The review committee admonished Bristow for tactics that "tested the 
limits" of acceptable and appropriate behaviour, but ultimately found 
Canadians owed him a debt for doing valuable work.

At the time, Elisse Hategan, a prominent defector from the Heritage 
Front, slammed the report as a whitewash. She told a Commons 
committee the front would never have been so effective without 
Bristow's work.

Bristow now says it was all business, arguing he never suffered from 
what he calls "target love."

Following his exposure in the press, CSIS set Bristow and his family 
up in a new city. But the media soon found him.

The article says the stress and uncertainty of life in the aftermath of his
covert work led to the collapse of his marriage four years ago.

Bristow took the first step toward openly discussing his role last 
year in a speech to a private gathering of the Canadian Jewish 
Congress in Toronto.

His story was greeted with applause, muffled weeping and a standing 
ovation, the article says.

Irving Abella, a historian and former president of the congress, effusively
praised Bristow at the invitation-only gathering. "I think what was most
important about this evening was how heroic this man was."
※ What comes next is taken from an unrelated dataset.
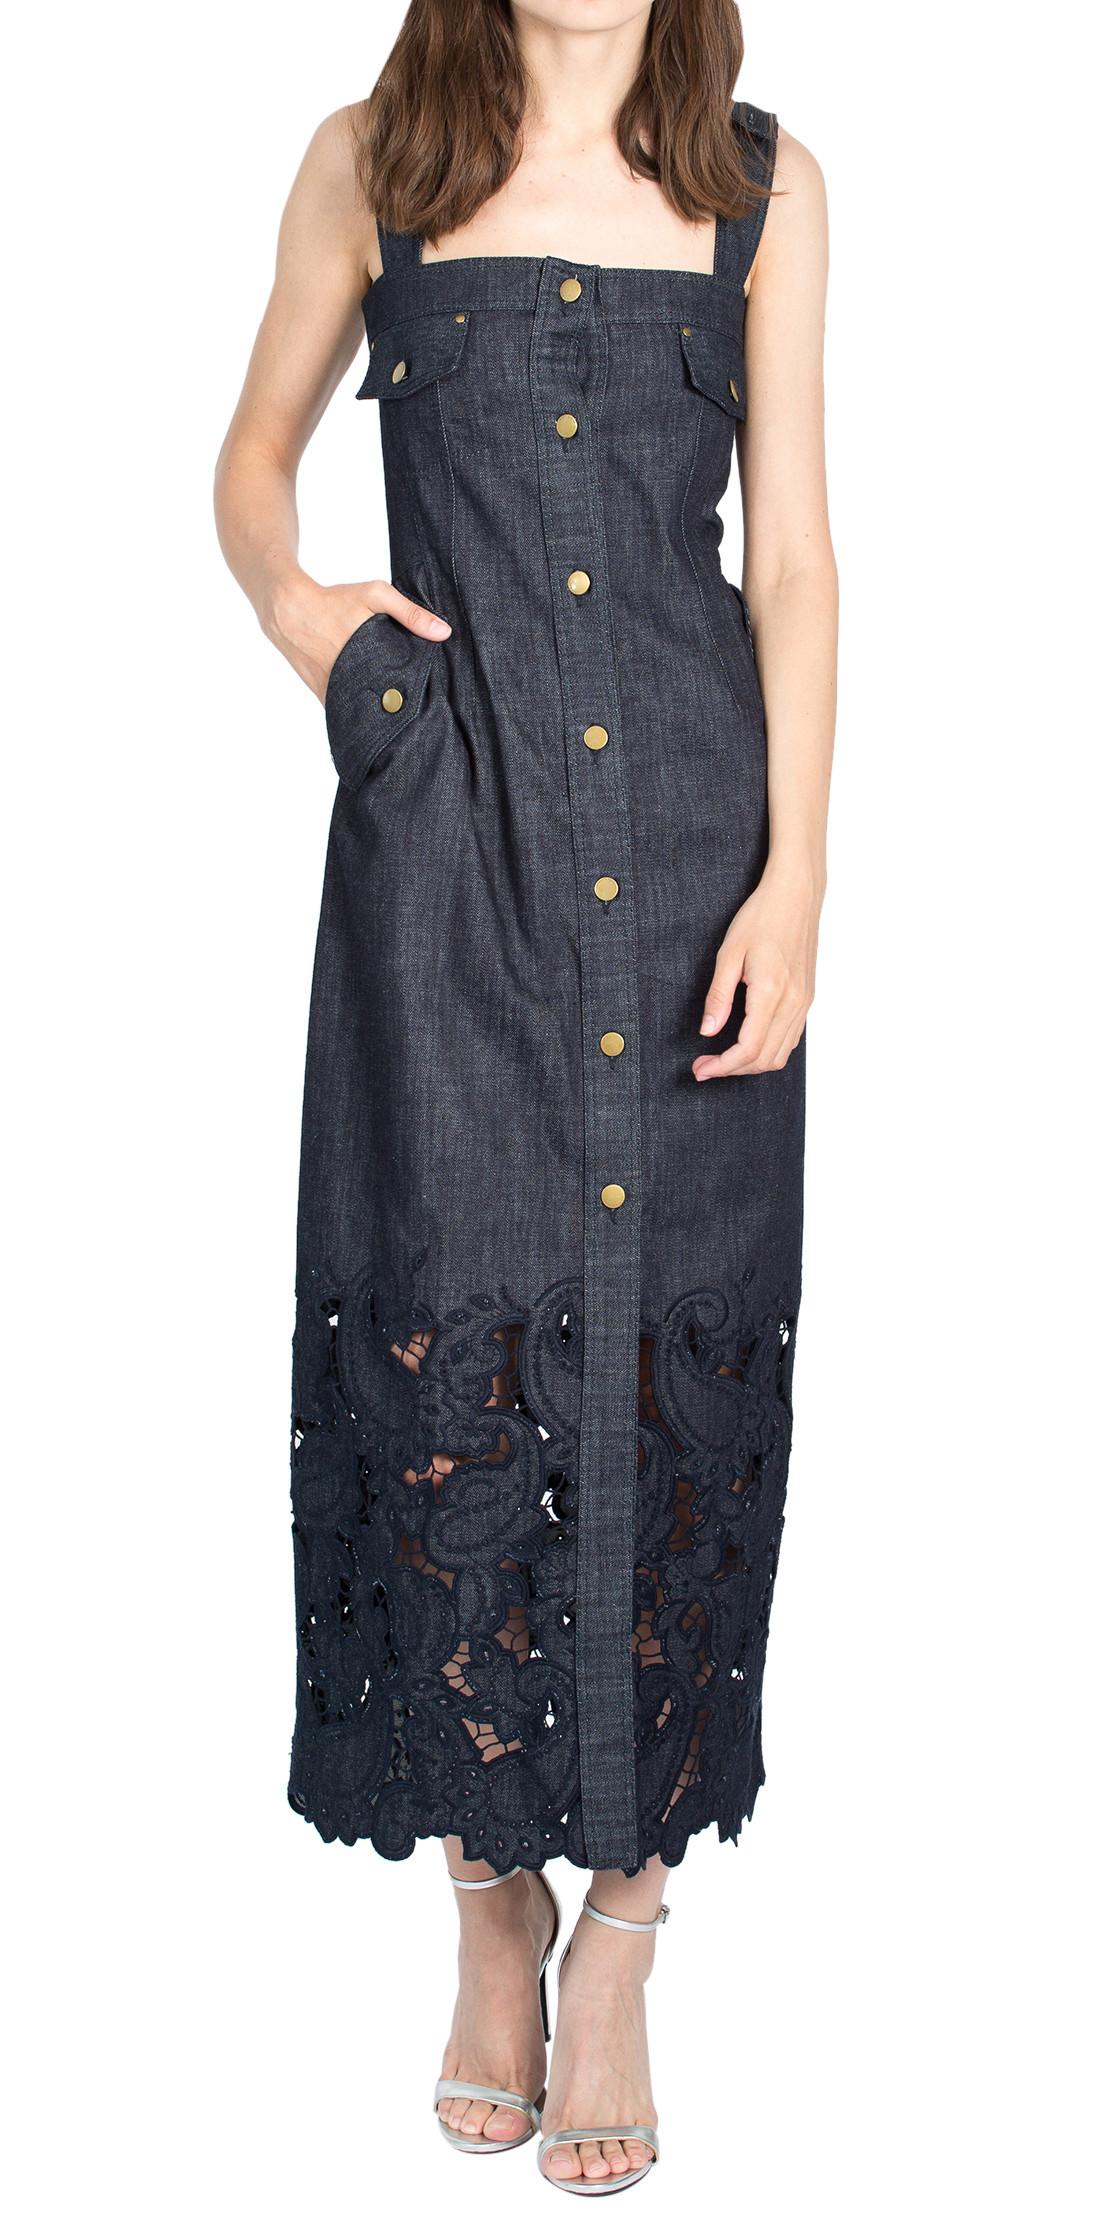 Alberta Ferretti Sleeveless Denim Dress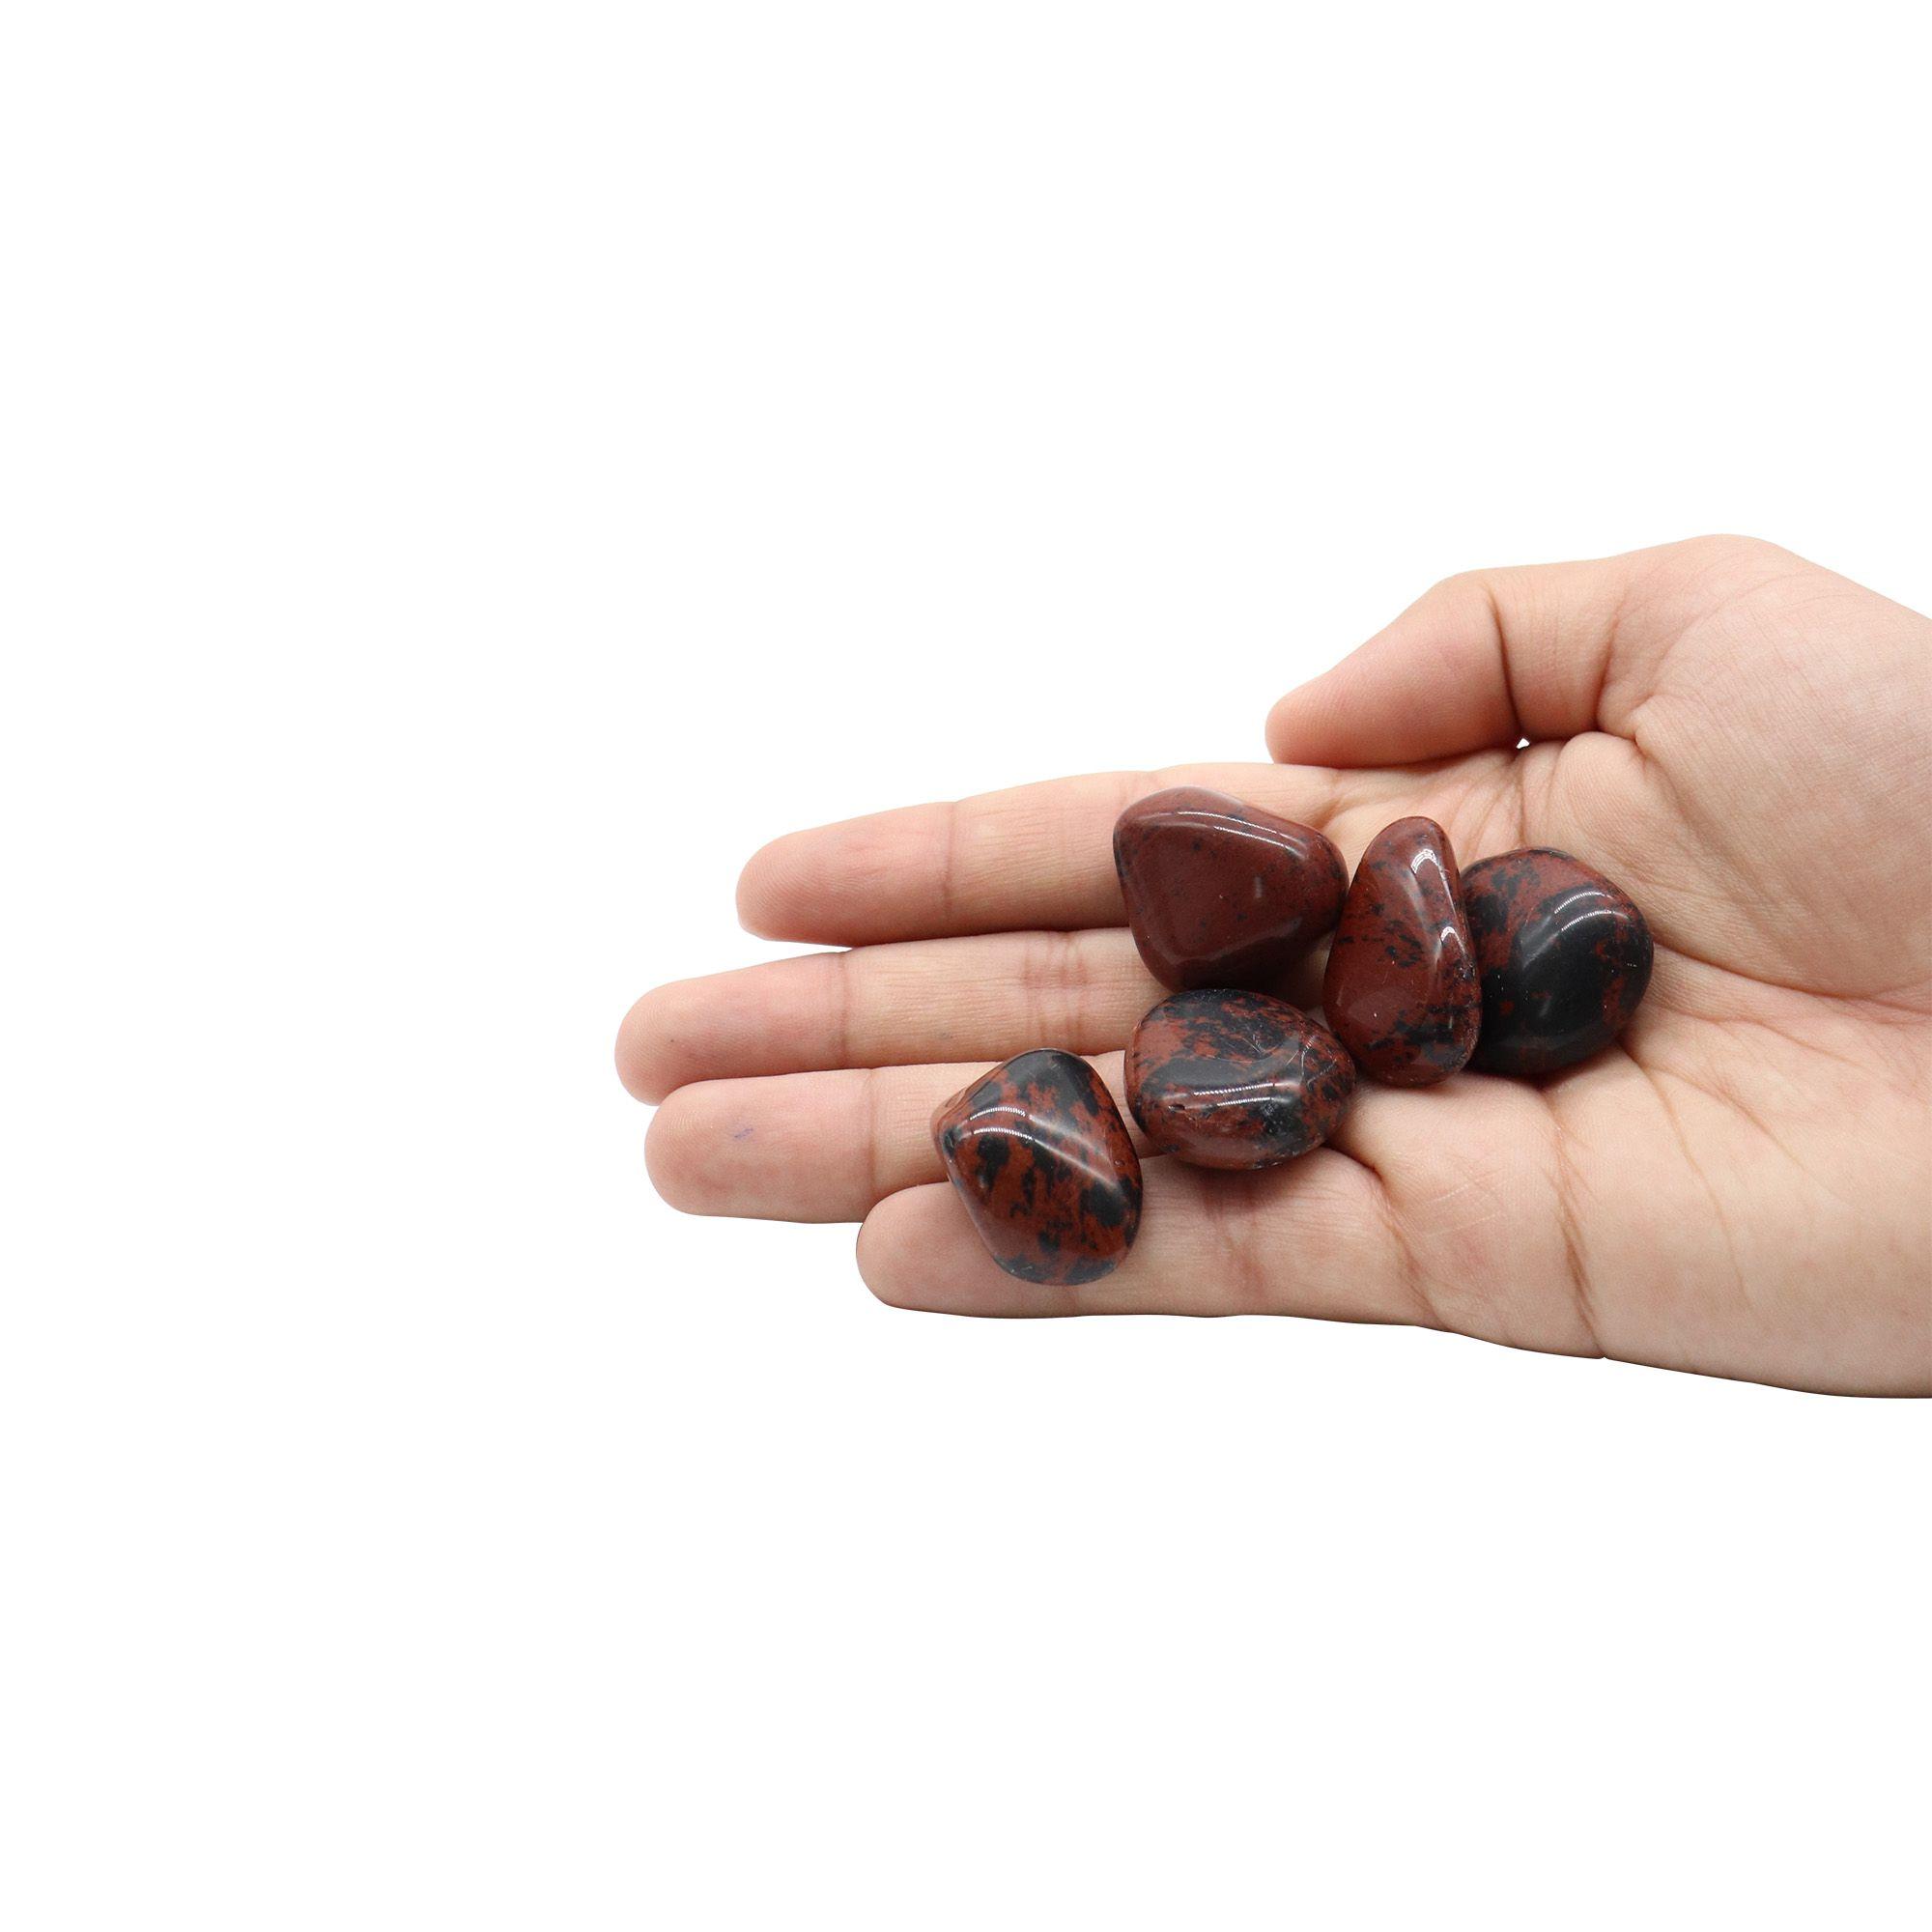 Kit com 5 pedras Obsidiana maragony ~ 7 à 30g

Still, the article notes Bristow's long public silence has deepened the
mystery that surrounded his clandestine work for CSIS.

"To his foes, he is a Judas who betrayed loyal friends. To others, he
remains an unrepentant agent-provocateur on the public payroll," 
Mitrovica writes.

"Still others consider him a hero who risked his life for his beliefs, and
is now living with the consequences - a dissolved marriage, an uncertain
future, and an occasional brush with fear."